Hoosier Voices From World War I
Ashley Fowler and Madyson McGill contributed to this report.
INDIANAPOLIS--One hundred years ago World War I ended. In 1975, people who had served in that war talked with WIBC's Fred Heckman. The tapes are 43 years old and for a couple of the then-veterans, the last names were lost.
What was not lost was the sentiment that they were proud to have served their country in a was that was, at that time, unparalleled.
"Everybody was very relieved it was over," said Gibb. He said the firing had stopped by 11 a.m., on Nov. 11, 1918.
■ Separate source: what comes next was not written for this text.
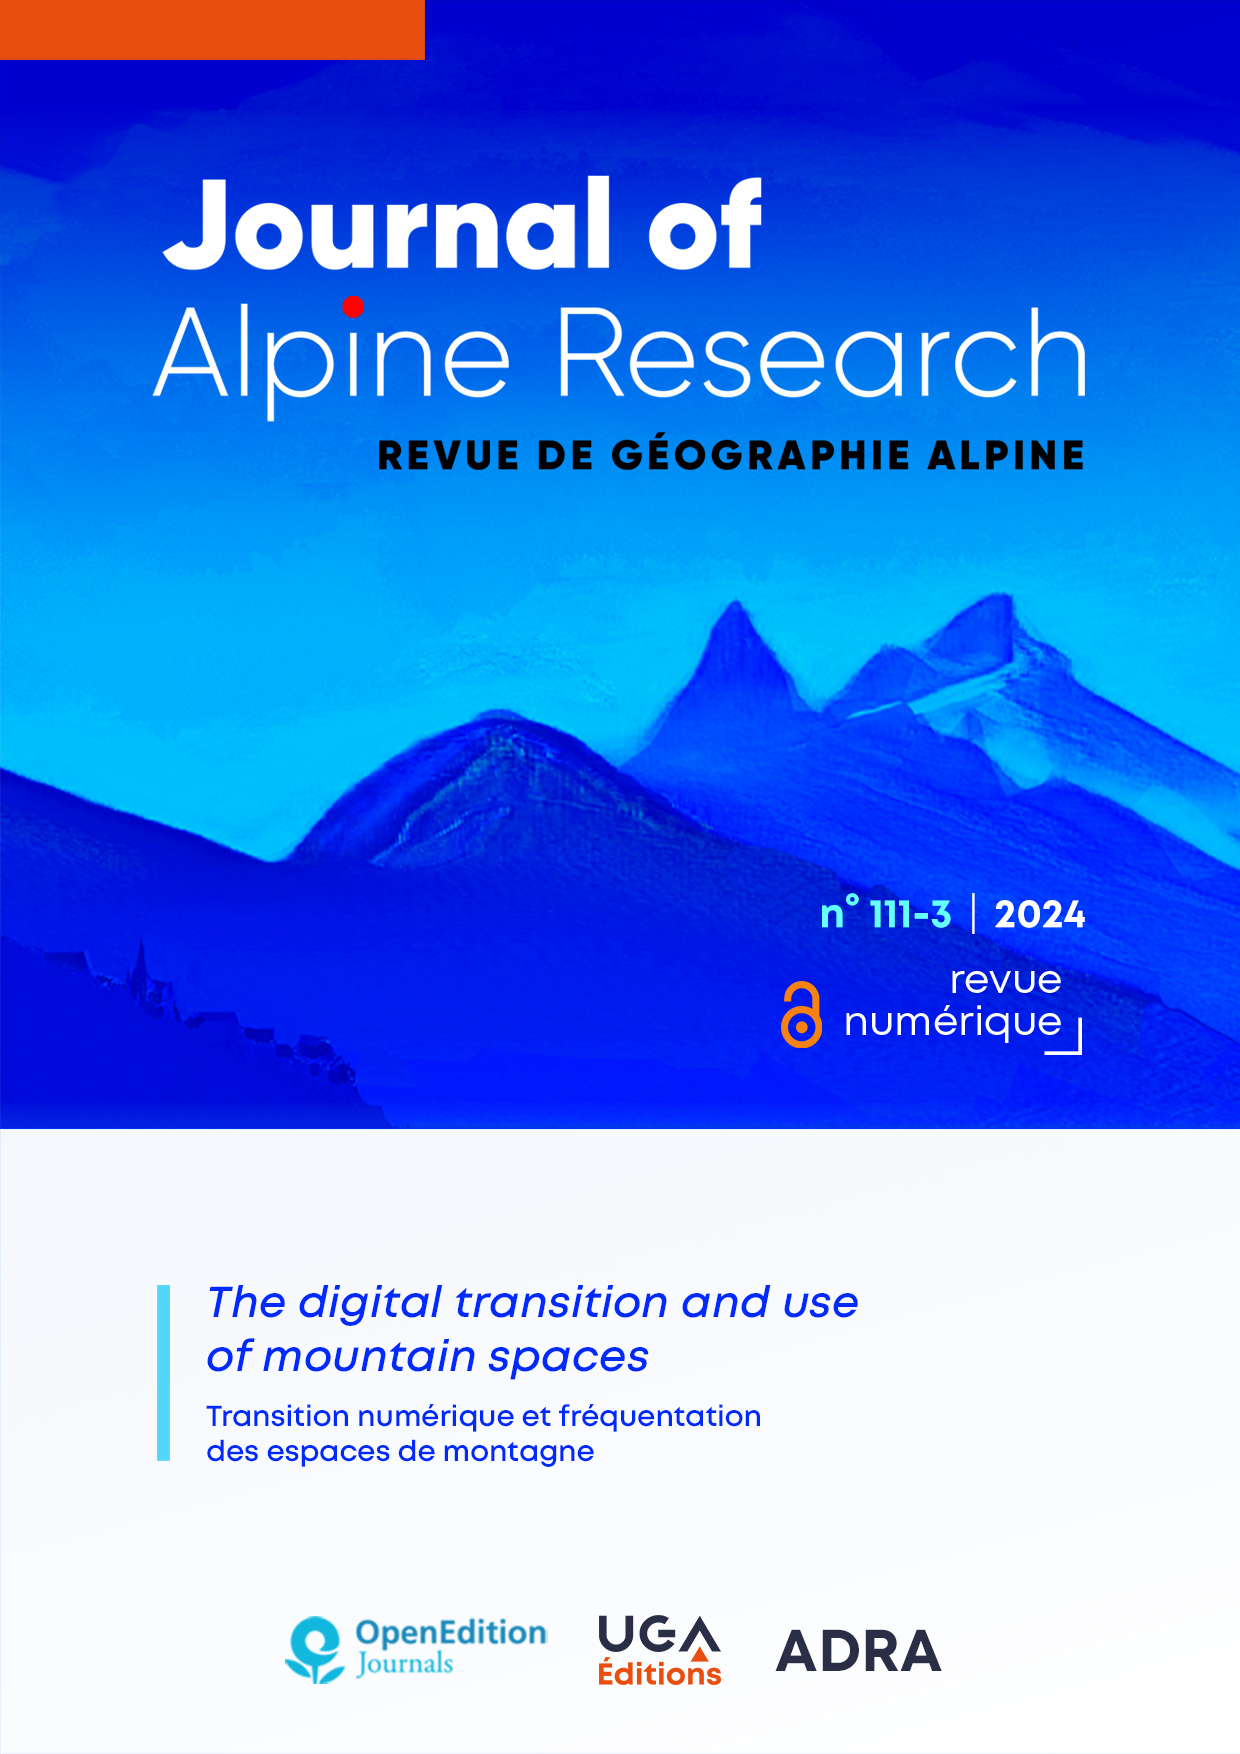 Journal of Alpine Research | Revue de géographie alpine no 111-3 / 2024

"The boys in our outfit were proud. They were proud to get out of it and they were proud to get out of it alive. It kind of helped 'em. It gave 'em a background for their future," he said.
Norm remembered rumors about an armistice before, and said by the time the real one happened his colleagues had stopped believing the rumors.
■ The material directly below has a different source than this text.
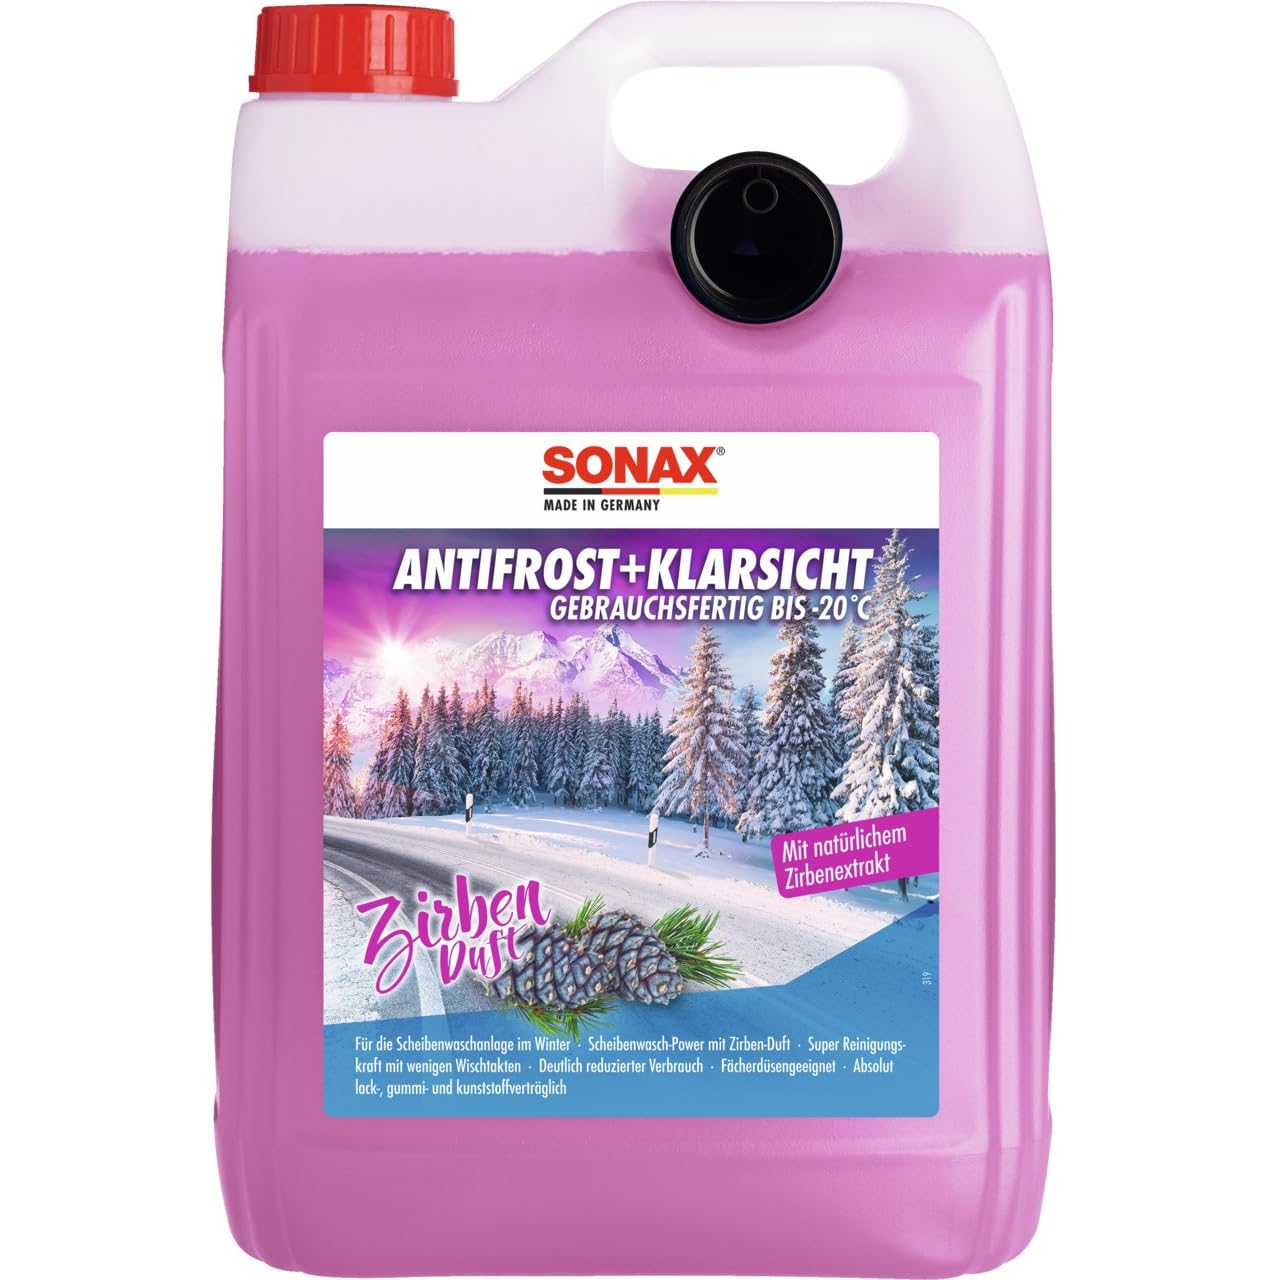 SONAX AntiFrost+KlarSicht Zirbe Gebrauchsfertig bis -20°C (5 Liter) schneller, schlierenfreier & effektiver Scheibenreiniger für den Winter | Art-Nr. 01315000 von SONAX

"The day before the armistice there were troops scattered in the hills, all over the fields and you didn't see a light. You didn't know anybody was around after dark. The next day after the armistice, there were little bonfires all over the landscape, everybody trying to keep warm," he said.
Norm and Gibb, and Perry Loesch, also interviewed by Heckman all agreed their effort was worth it.
"I think if we hadn't fought for it, we'd have been in a much worse condition than we are now," said Gibb.
"I think so, undoubtedly," said Norm.